- [Available data]
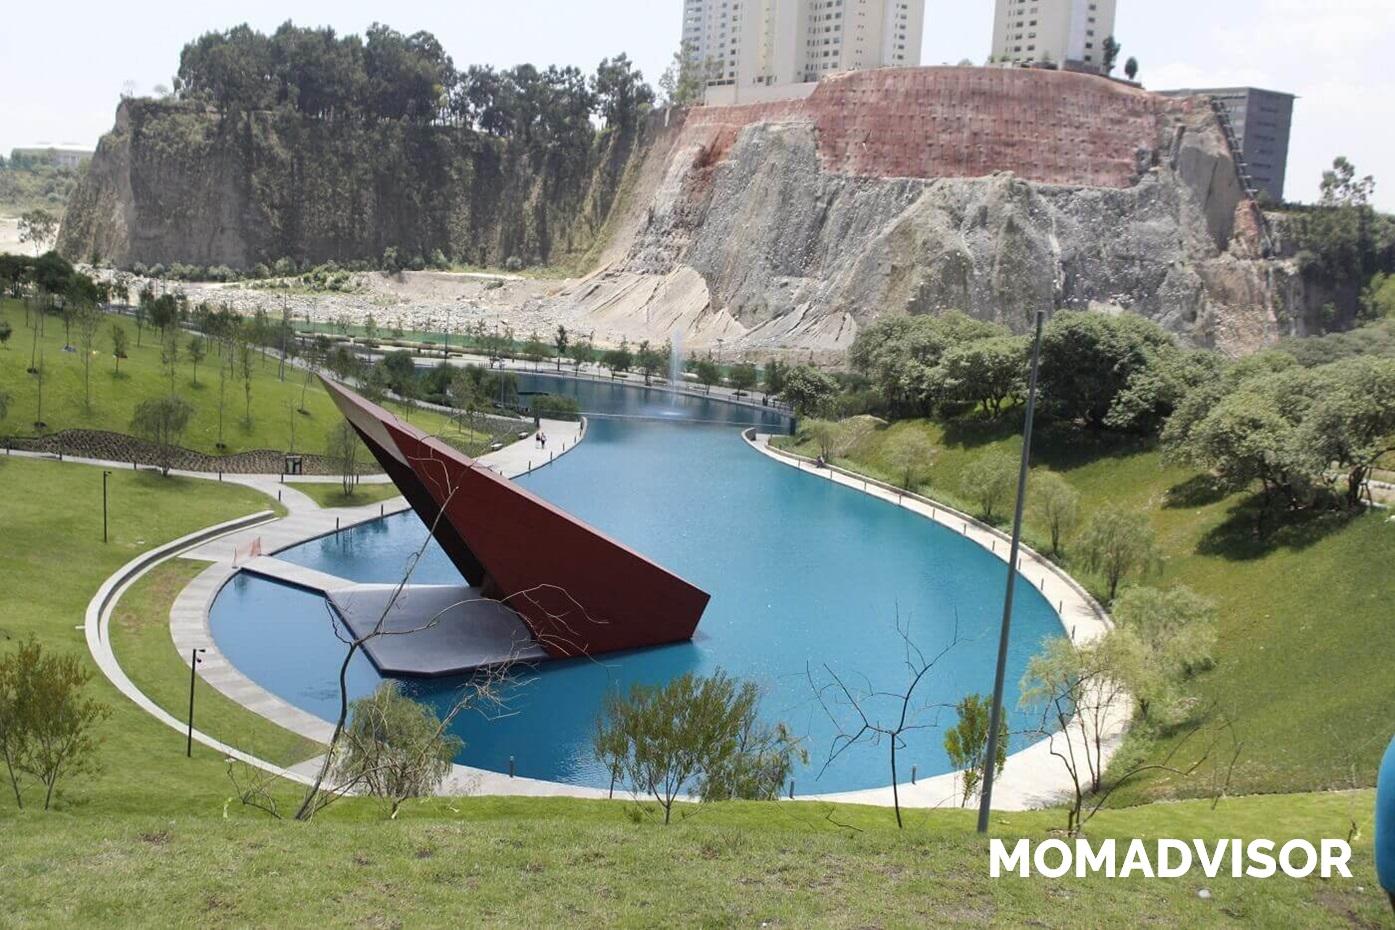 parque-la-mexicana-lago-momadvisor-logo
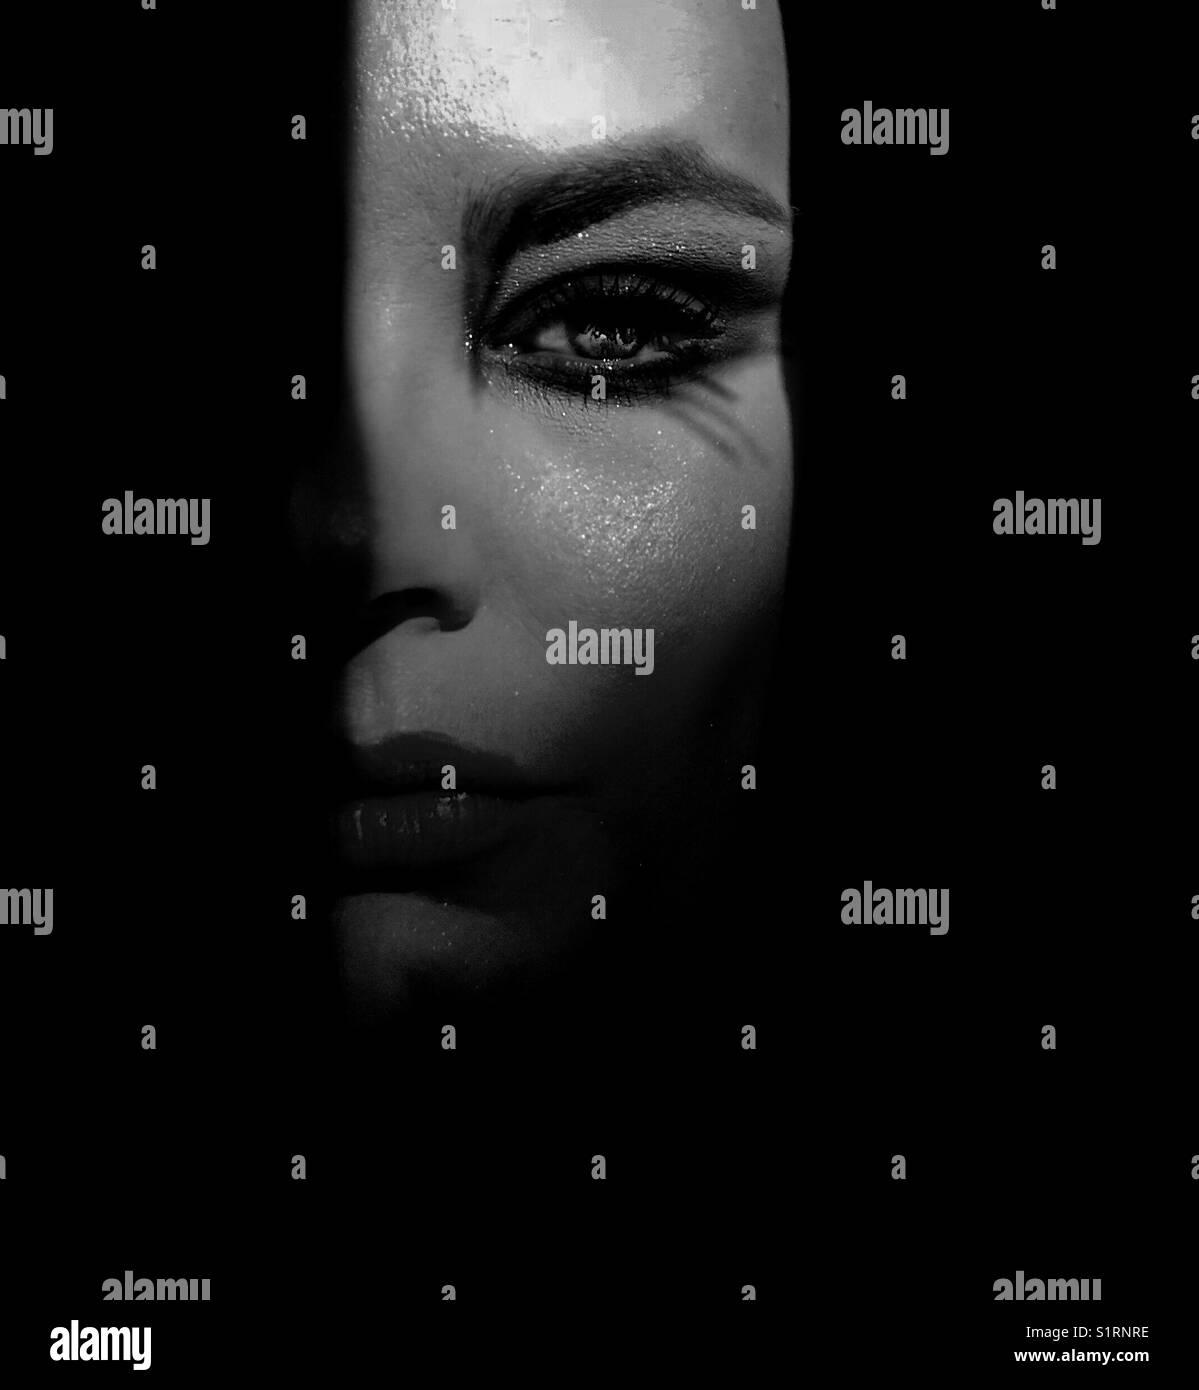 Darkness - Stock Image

* * *

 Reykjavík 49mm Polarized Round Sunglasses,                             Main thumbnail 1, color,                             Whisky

- [Work item] Restate the lines above from the one containing "parque-la-mexicana-lago-momadvisor-logo" through the one containing "Darkness - Stock Image", inclusive, exactly and without pictures.

- [Response to the task]
 parque-la-mexicana-lago-momadvisor-logo
 Darkness - Stock Image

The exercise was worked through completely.